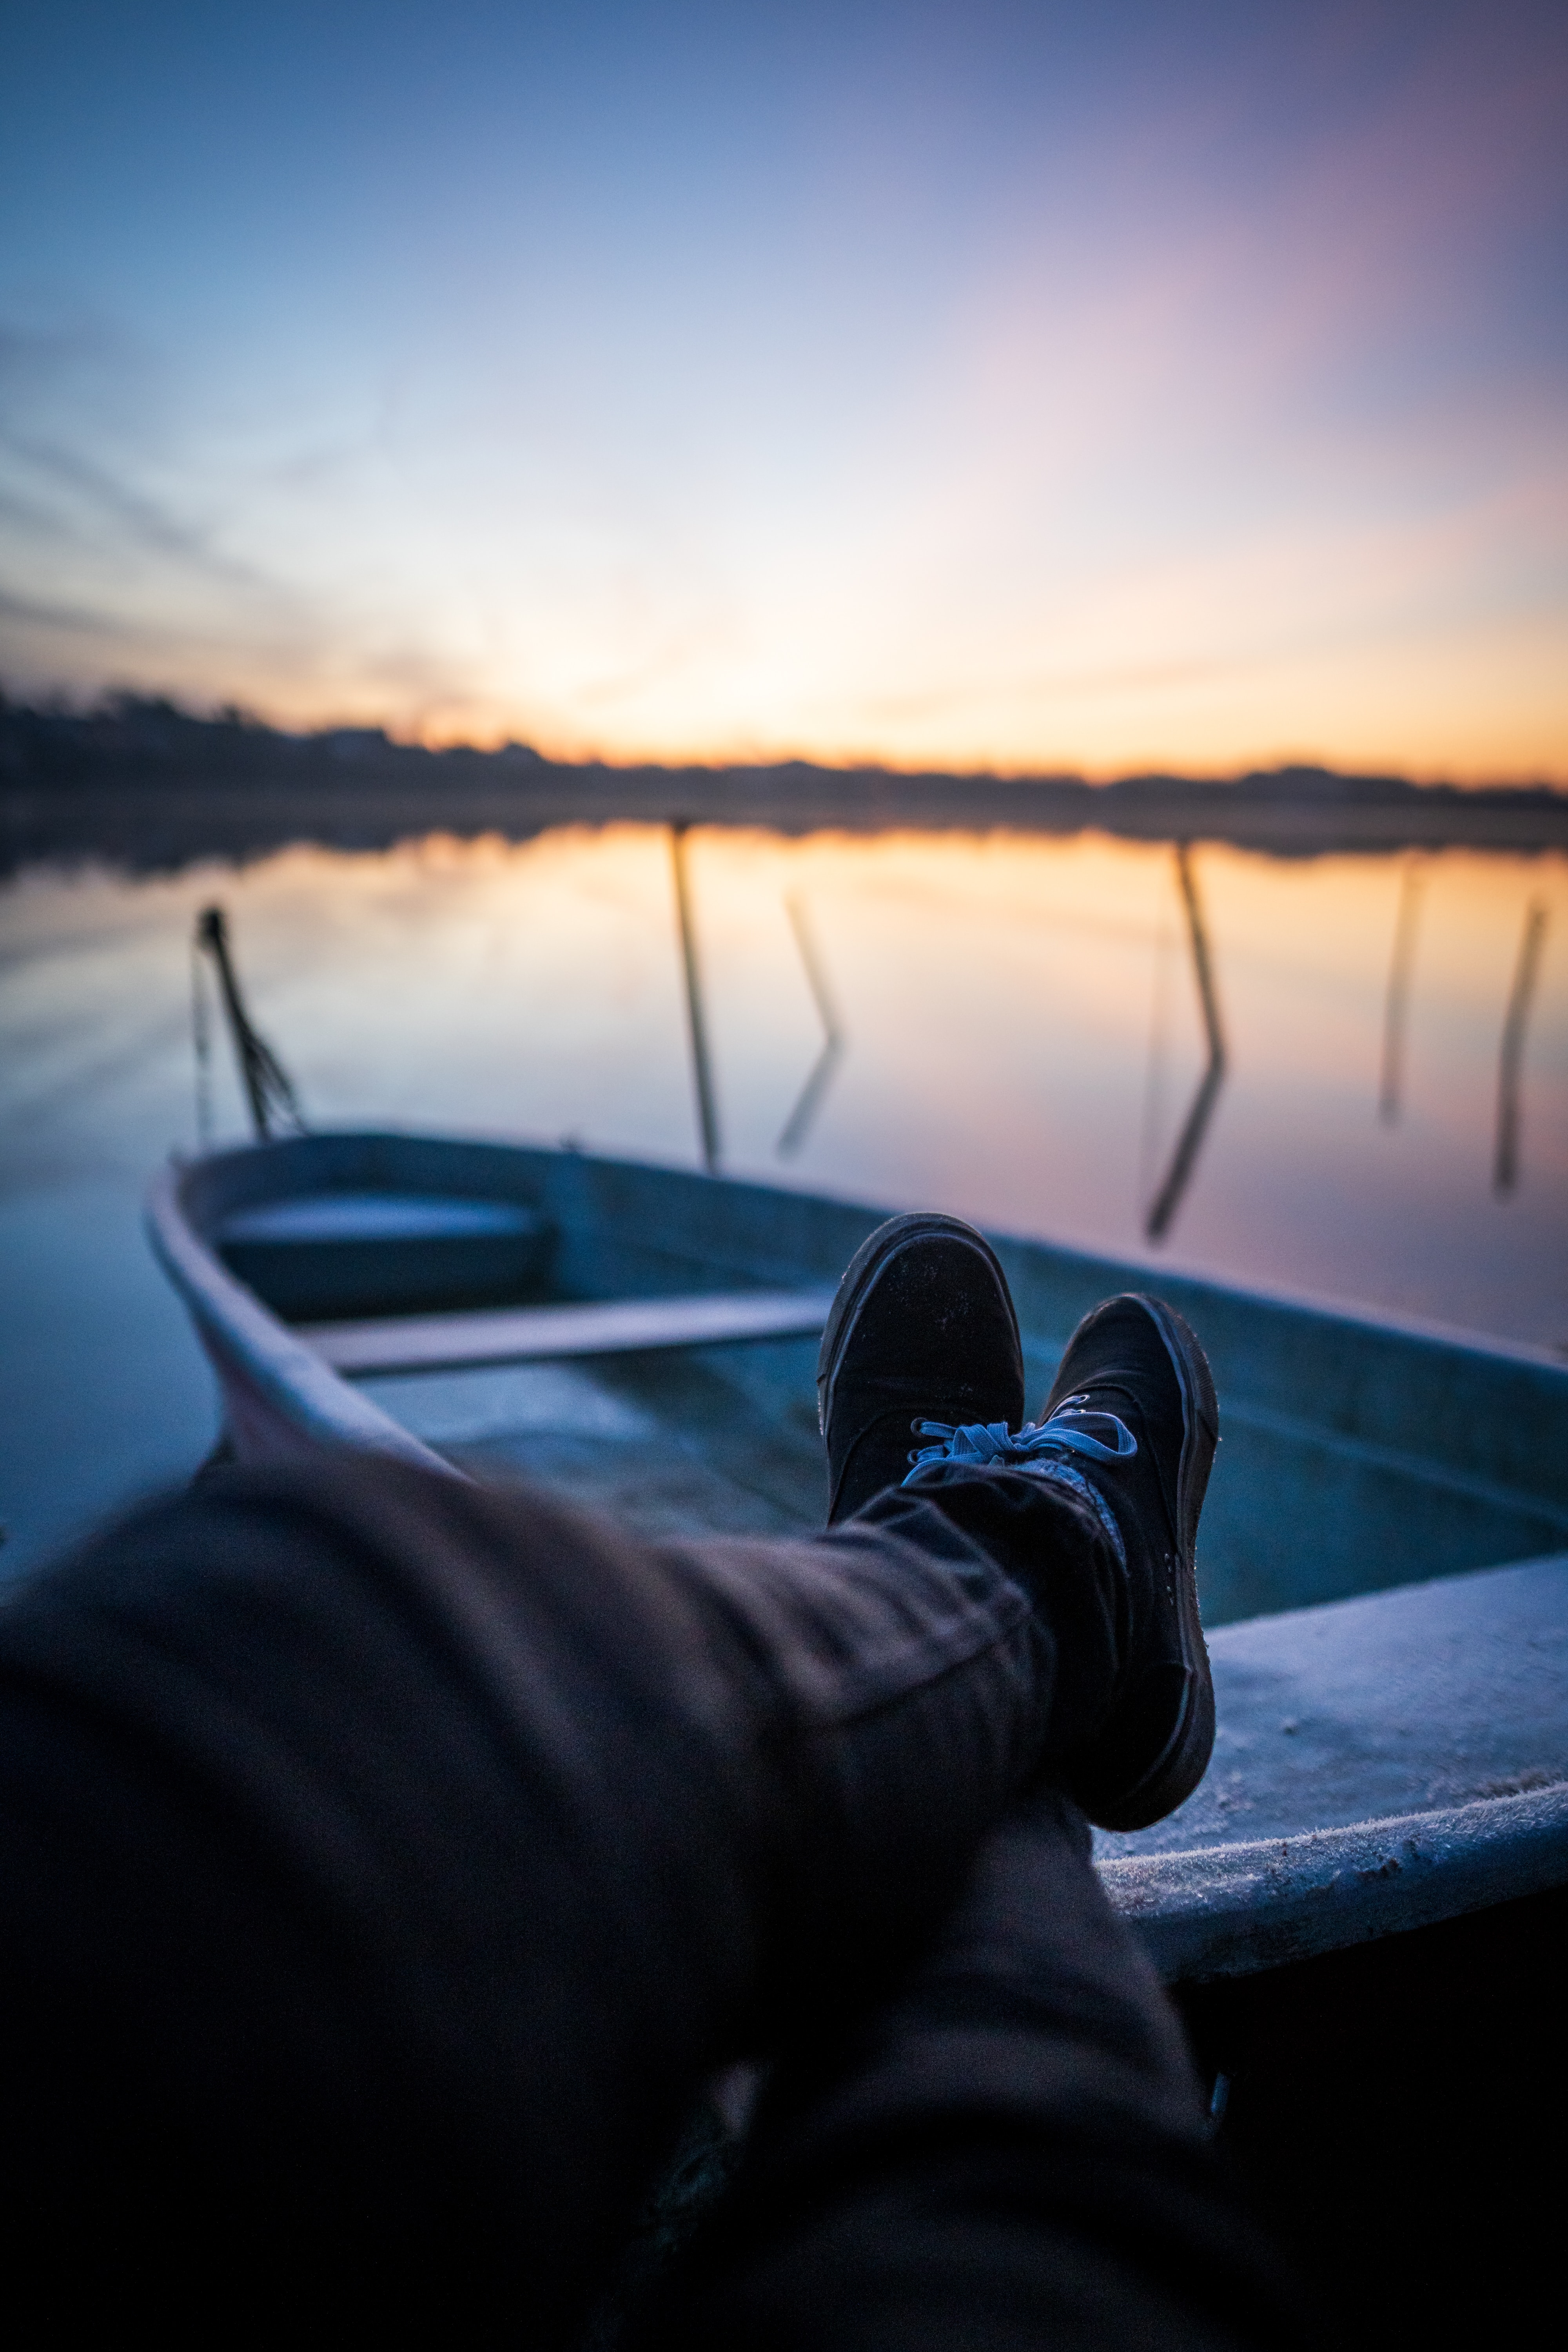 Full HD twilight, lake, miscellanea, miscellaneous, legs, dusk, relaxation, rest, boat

-------

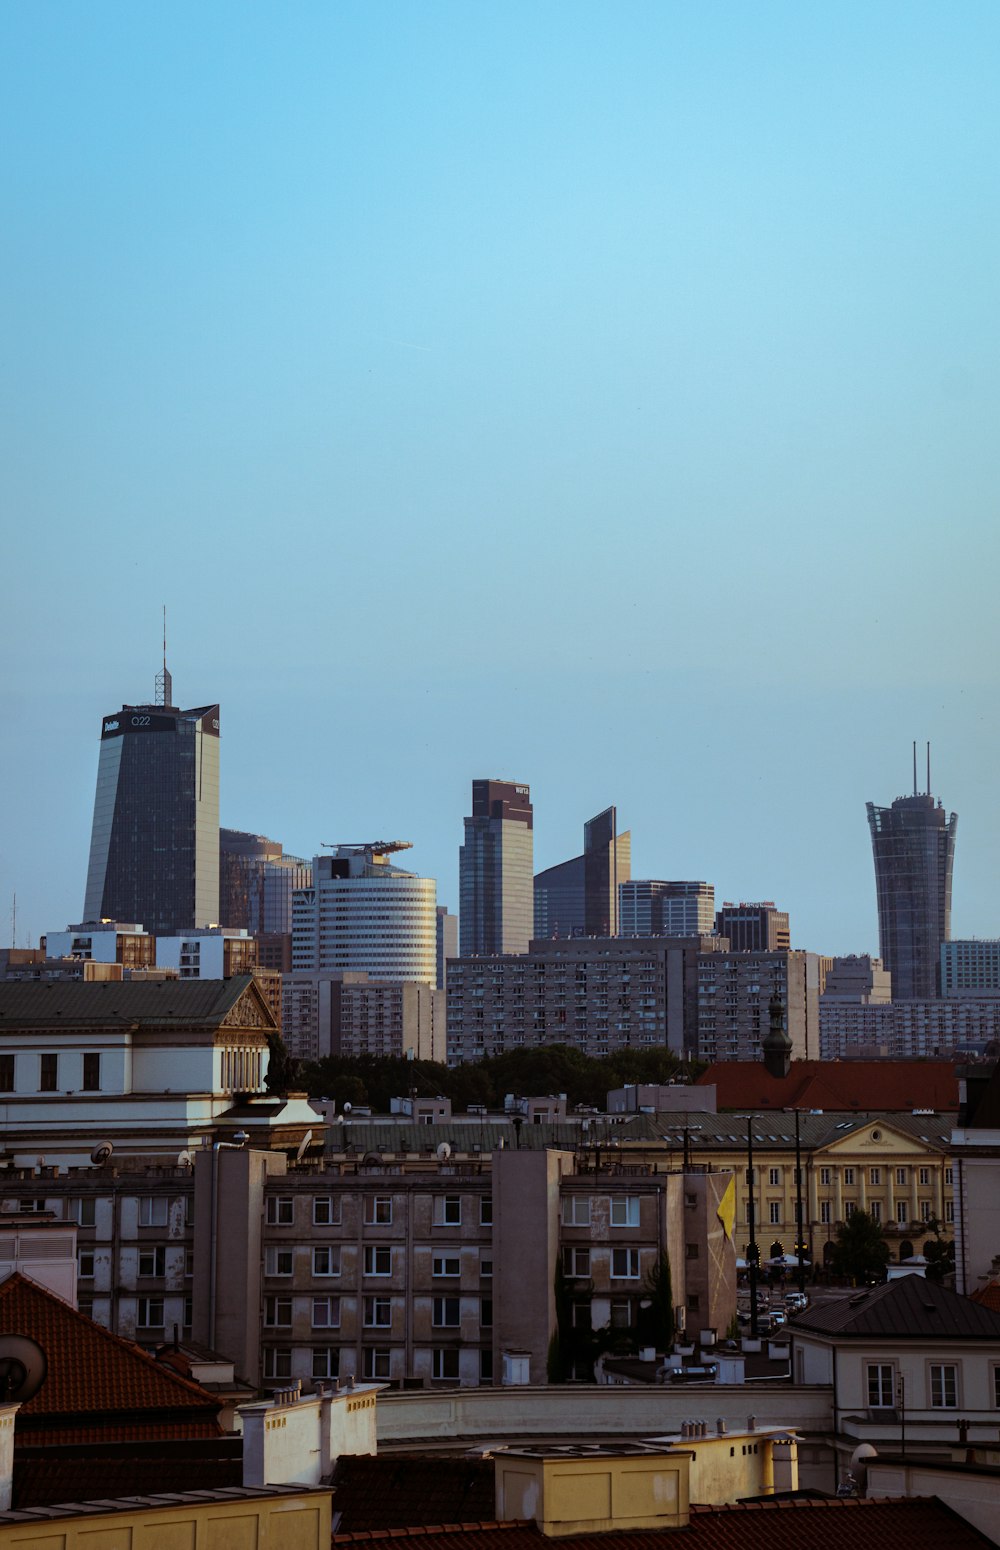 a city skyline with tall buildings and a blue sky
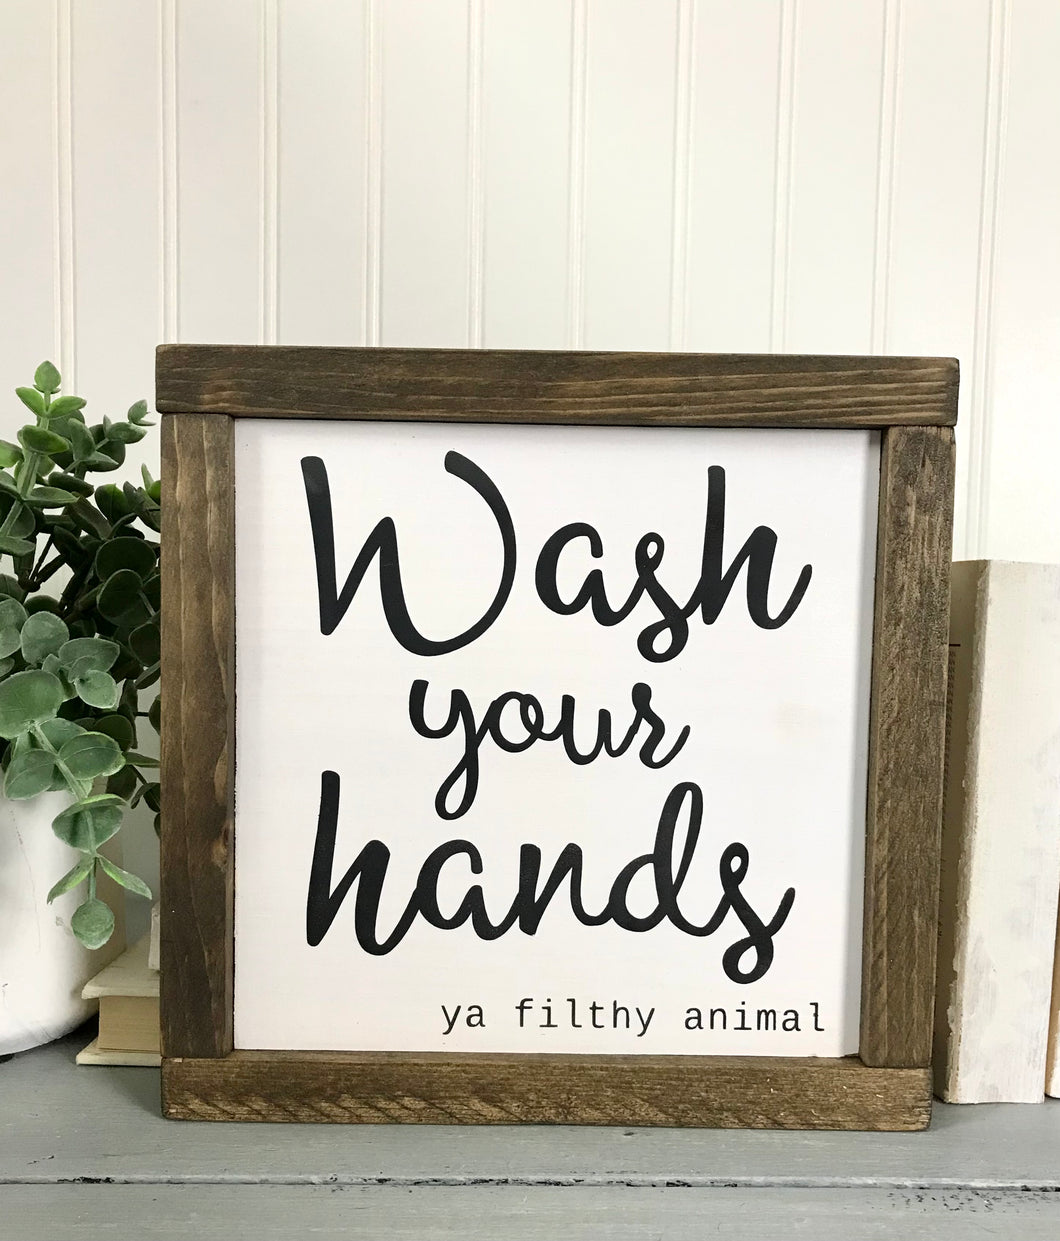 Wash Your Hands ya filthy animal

-------

# YOUR INSTRUCTIONS
Transcribe the listing above exactly, but only from the line with "a city skyline" through the line with "Wash Your Hands ya filthy animal". Include both of those lines and omit the pictures.

# SOLUTION
 a city skyline with tall buildings and a blue sky
 Wash Your Hands ya filthy animal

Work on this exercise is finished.